=== WORK INSTRUCTION ===
From the first line of the entries below to the line with "DJ Mordecai - INDEPENDENT UNDERGROUND", give each line again exactly.
※
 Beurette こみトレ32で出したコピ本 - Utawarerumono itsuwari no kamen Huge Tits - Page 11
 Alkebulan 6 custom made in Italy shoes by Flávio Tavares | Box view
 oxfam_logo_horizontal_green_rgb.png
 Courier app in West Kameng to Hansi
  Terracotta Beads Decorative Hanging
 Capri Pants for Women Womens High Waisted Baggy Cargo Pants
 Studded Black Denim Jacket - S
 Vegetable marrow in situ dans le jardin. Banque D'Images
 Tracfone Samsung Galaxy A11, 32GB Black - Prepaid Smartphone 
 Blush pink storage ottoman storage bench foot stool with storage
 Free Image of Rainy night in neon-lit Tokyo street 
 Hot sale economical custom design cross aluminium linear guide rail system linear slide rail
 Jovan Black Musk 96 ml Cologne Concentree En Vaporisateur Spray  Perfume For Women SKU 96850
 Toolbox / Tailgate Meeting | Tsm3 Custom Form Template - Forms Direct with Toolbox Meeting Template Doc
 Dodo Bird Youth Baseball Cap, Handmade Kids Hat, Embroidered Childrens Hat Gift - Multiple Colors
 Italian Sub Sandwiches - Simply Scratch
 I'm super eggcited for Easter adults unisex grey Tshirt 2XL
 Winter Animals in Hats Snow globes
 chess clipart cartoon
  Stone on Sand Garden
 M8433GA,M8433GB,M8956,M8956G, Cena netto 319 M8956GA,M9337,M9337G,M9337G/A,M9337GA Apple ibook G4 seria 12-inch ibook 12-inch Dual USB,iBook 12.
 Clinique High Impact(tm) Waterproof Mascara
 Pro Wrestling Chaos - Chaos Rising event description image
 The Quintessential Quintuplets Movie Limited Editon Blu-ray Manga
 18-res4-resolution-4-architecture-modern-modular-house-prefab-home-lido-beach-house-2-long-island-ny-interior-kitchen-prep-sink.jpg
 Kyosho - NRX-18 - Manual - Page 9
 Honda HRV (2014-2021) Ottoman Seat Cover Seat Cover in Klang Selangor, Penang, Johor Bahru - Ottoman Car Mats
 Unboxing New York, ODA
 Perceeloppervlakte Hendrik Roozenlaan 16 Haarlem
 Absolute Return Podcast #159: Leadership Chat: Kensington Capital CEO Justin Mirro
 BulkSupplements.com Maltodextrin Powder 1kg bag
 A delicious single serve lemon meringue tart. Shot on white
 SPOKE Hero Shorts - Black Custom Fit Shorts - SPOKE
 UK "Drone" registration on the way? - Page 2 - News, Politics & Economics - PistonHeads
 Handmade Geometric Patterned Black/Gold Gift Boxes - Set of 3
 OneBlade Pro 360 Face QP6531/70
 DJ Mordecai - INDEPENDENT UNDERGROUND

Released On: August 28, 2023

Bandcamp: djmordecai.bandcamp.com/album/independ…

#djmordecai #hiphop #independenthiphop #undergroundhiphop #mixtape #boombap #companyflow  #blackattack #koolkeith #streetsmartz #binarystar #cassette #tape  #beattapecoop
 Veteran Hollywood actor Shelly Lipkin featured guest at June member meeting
※
=== EXERCISE RESPONSE ===
 Beurette こみトレ32で出したコピ本 - Utawarerumono itsuwari no kamen Huge Tits - Page 11
 Alkebulan 6 custom made in Italy shoes by Flávio Tavares | Box view
 oxfam_logo_horizontal_green_rgb.png
 Courier app in West Kameng to Hansi
  Terracotta Beads Decorative Hanging
 Capri Pants for Women Womens High Waisted Baggy Cargo Pants
 Studded Black Denim Jacket - S
 Vegetable marrow in situ dans le jardin. Banque D'Images
 Tracfone Samsung Galaxy A11, 32GB Black - Prepaid Smartphone 
 Blush pink storage ottoman storage bench foot stool with storage
 Free Image of Rainy night in neon-lit Tokyo street 
 Hot sale economical custom design cross aluminium linear guide rail system linear slide rail
 Jovan Black Musk 96 ml Cologne Concentree En Vaporisateur Spray  Perfume For Women SKU 96850
 Toolbox / Tailgate Meeting | Tsm3 Custom Form Template - Forms Direct with Toolbox Meeting Template Doc
 Dodo Bird Youth Baseball Cap, Handmade Kids Hat, Embroidered Childrens Hat Gift - Multiple Colors
 Italian Sub Sandwiches - Simply Scratch
 I'm super eggcited for Easter adults unisex grey Tshirt 2XL
 Winter Animals in Hats Snow globes
 chess clipart cartoon
  Stone on Sand Garden
 M8433GA,M8433GB,M8956,M8956G, Cena netto 319 M8956GA,M9337,M9337G,M9337G/A,M9337GA Apple ibook G4 seria 12-inch ibook 12-inch Dual USB,iBook 12.
 Clinique High Impact(tm) Waterproof Mascara
 Pro Wrestling Chaos - Chaos Rising event description image
 The Quintessential Quintuplets Movie Limited Editon Blu-ray Manga
 18-res4-resolution-4-architecture-modern-modular-house-prefab-home-lido-beach-house-2-long-island-ny-interior-kitchen-prep-sink.jpg
 Kyosho - NRX-18 - Manual - Page 9
 Honda HRV (2014-2021) Ottoman Seat Cover Seat Cover in Klang Selangor, Penang, Johor Bahru - Ottoman Car Mats
 Unboxing New York, ODA
 Perceeloppervlakte Hendrik Roozenlaan 16 Haarlem
 Absolute Return Podcast #159: Leadership Chat: Kensington Capital CEO Justin Mirro
 BulkSupplements.com Maltodextrin Powder 1kg bag
 A delicious single serve lemon meringue tart. Shot on white
 SPOKE Hero Shorts - Black Custom Fit Shorts - SPOKE
 UK "Drone" registration on the way? - Page 2 - News, Politics & Economics - PistonHeads
 Handmade Geometric Patterned Black/Gold Gift Boxes - Set of 3
 OneBlade Pro 360 Face QP6531/70
 DJ Mordecai - INDEPENDENT UNDERGROUND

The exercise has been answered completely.